- [Problem statement]: Give every entry below again, exactly as written, and skip the images.

(Records from a dataset)
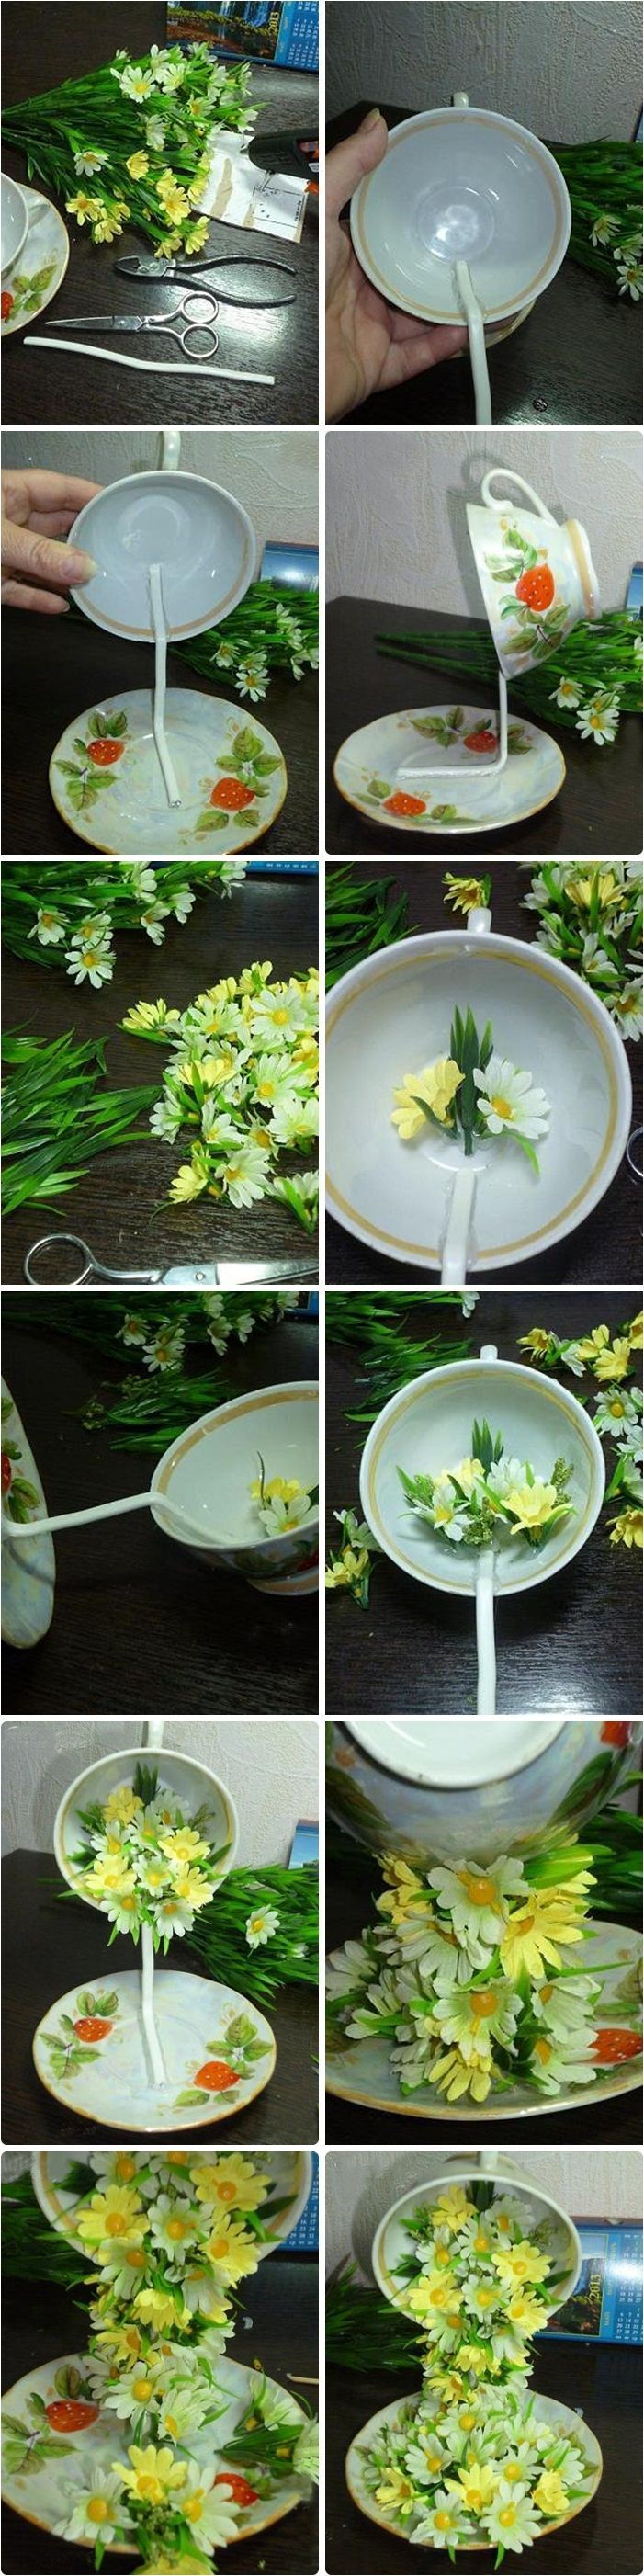 Tea Cup Floral Cascade ~ step by step tutorial on how to create the illusion of flowers spilling into a saucer from a “floating”
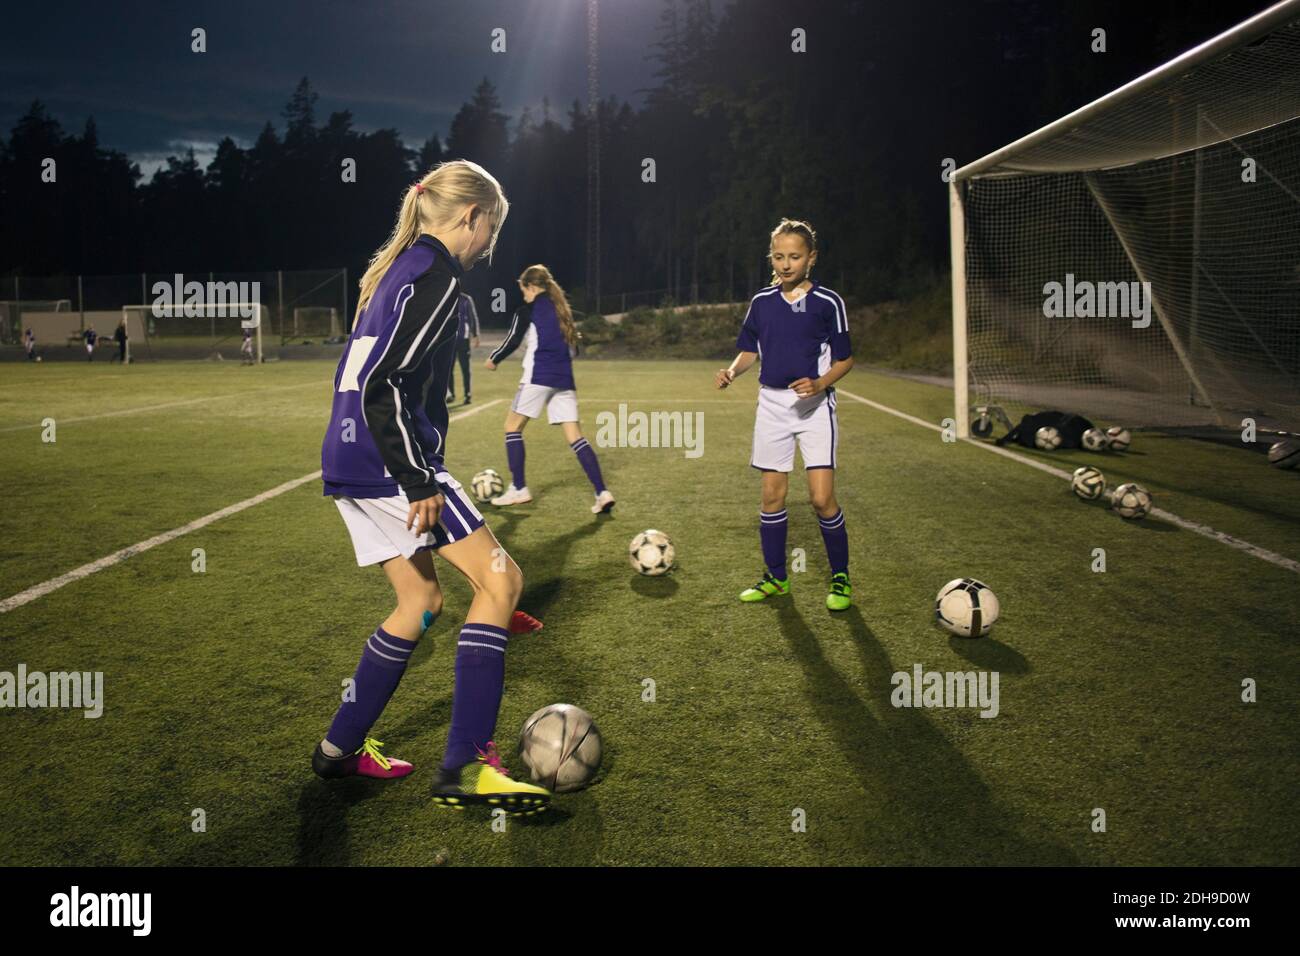 Girls practicing with soccer balls by goal post on field at night Stock Photo
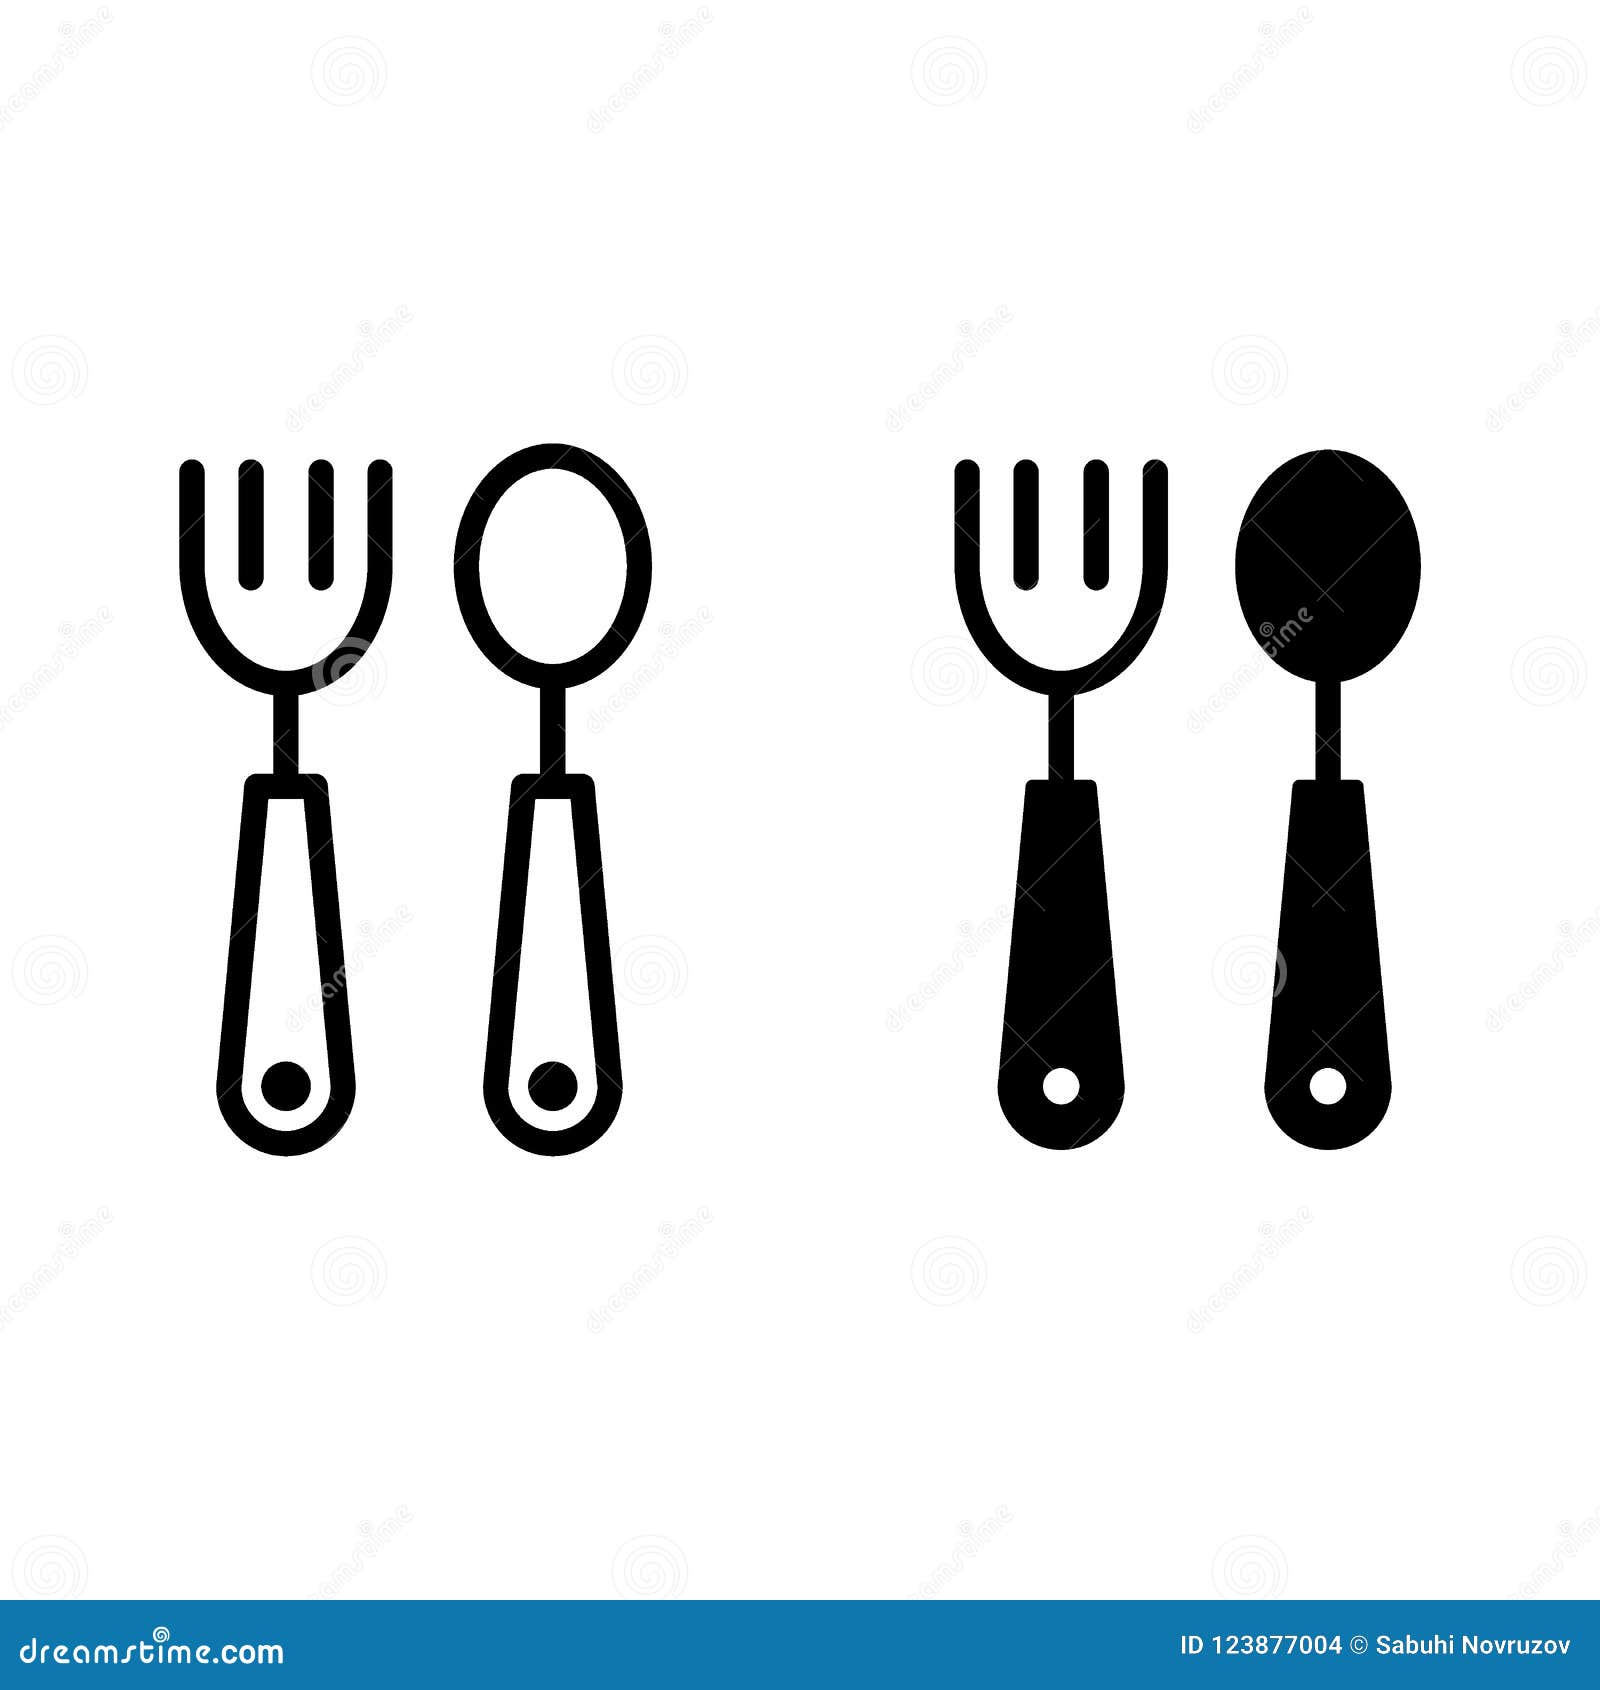 https://thumbs.dreamstime.com/z/baby-spoon-fork-line-glyph-icon-cutlery-vector-illustration-isolated-white-kitchenware-outline-style-design-baby-spoon-123877004.jpg
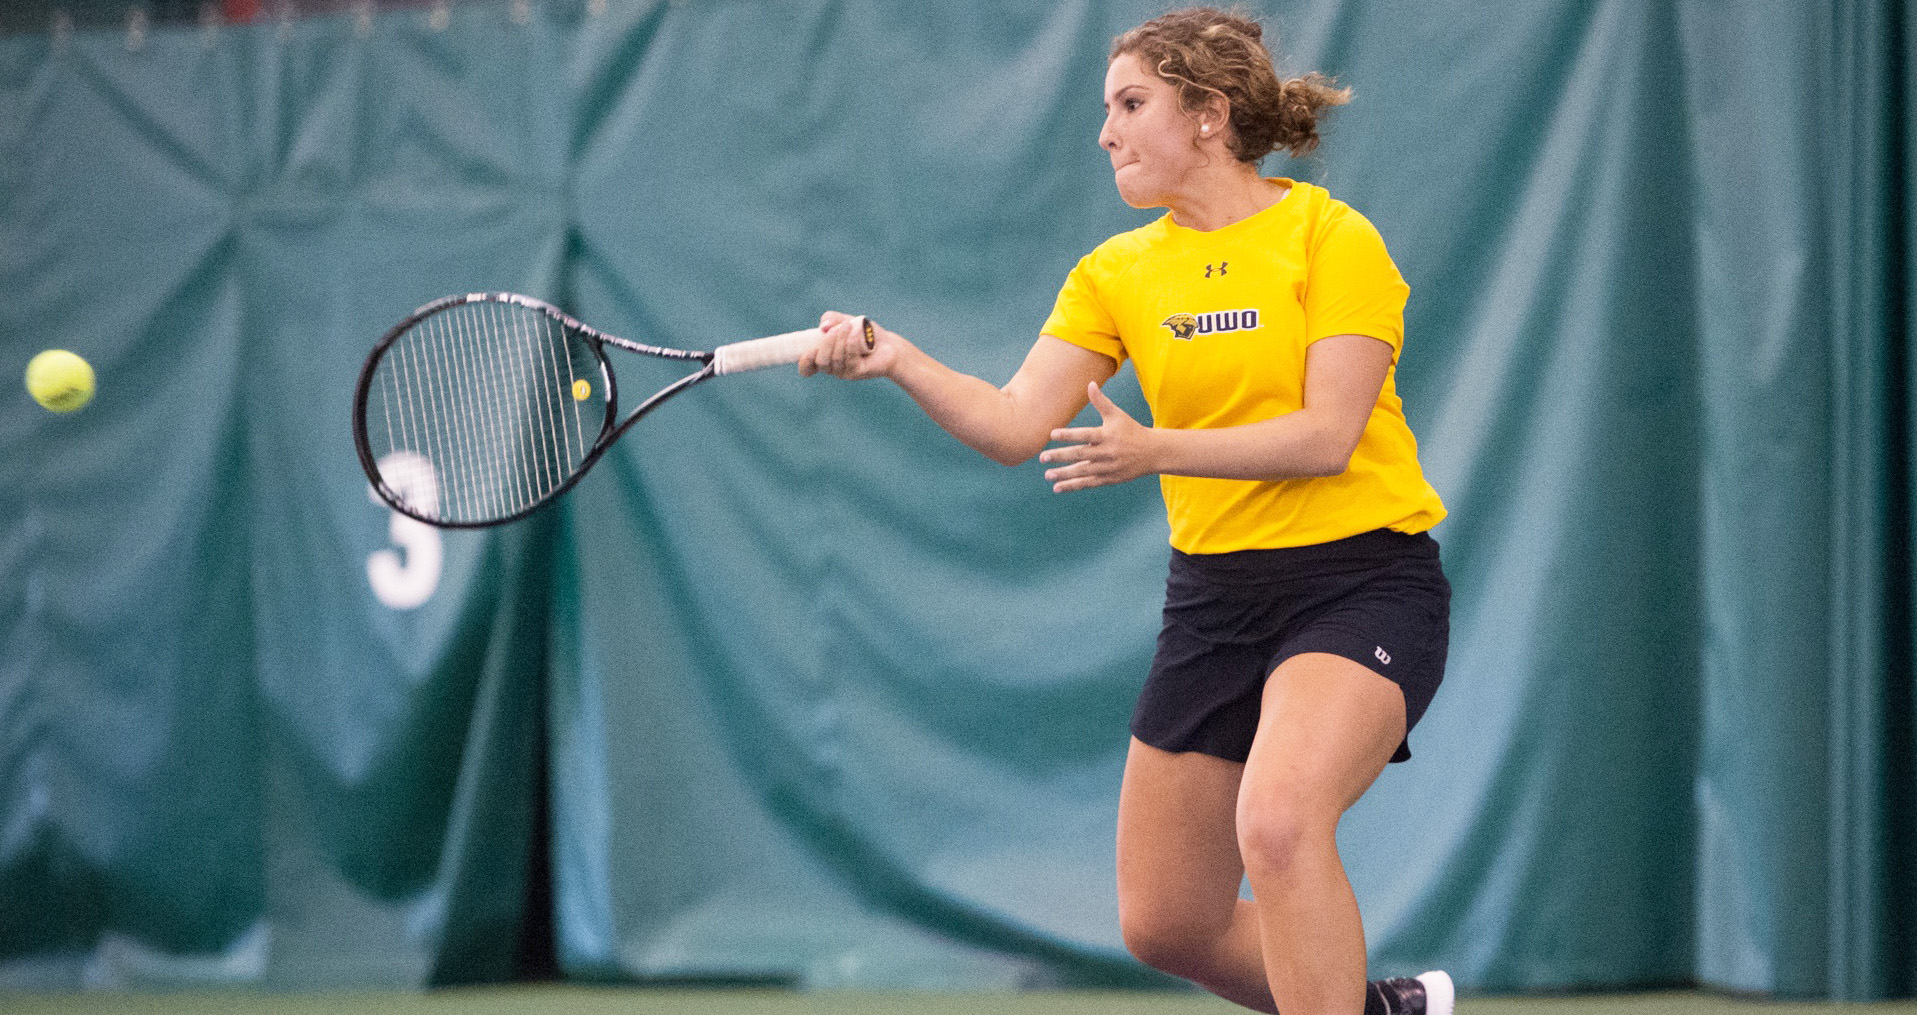 Hannah Peters (pictured) and Bailey Sagen suffered a 9-7 loss to UW-La Crosse's No. 1 doubles team.
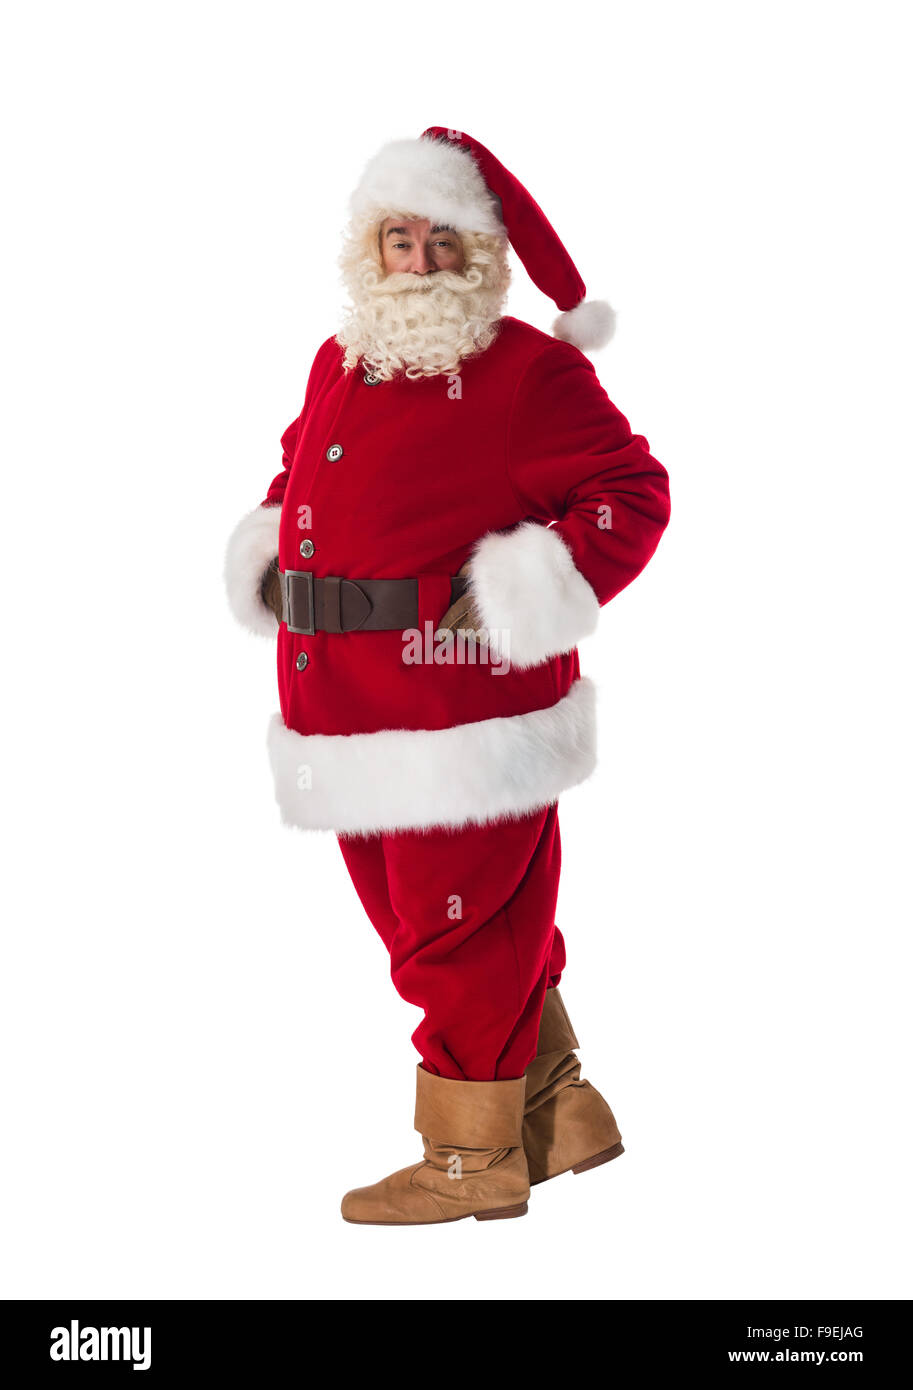 Santa Claus Portrait. Standing still and posing. Side view Stock Photo

- [Solution for this exercise]:
 Tea Cup Floral Cascade ~ step by step tutorial on how to create the illusion of flowers spilling into a saucer from a “floating”
 Girls practicing with soccer balls by goal post on field at night Stock Photo
 https://thumbs.dreamstime.com/z/baby-spoon-fork-line-glyph-icon-cutlery-vector-illustration-isolated-white-kitchenware-outline-style-design-baby-spoon-123877004.jpg
 Hannah Peters (pictured) and Bailey Sagen suffered a 9-7 loss to UW-La Crosse's No. 1 doubles team.
 Santa Claus Portrait. Standing still and posing. Side view Stock Photo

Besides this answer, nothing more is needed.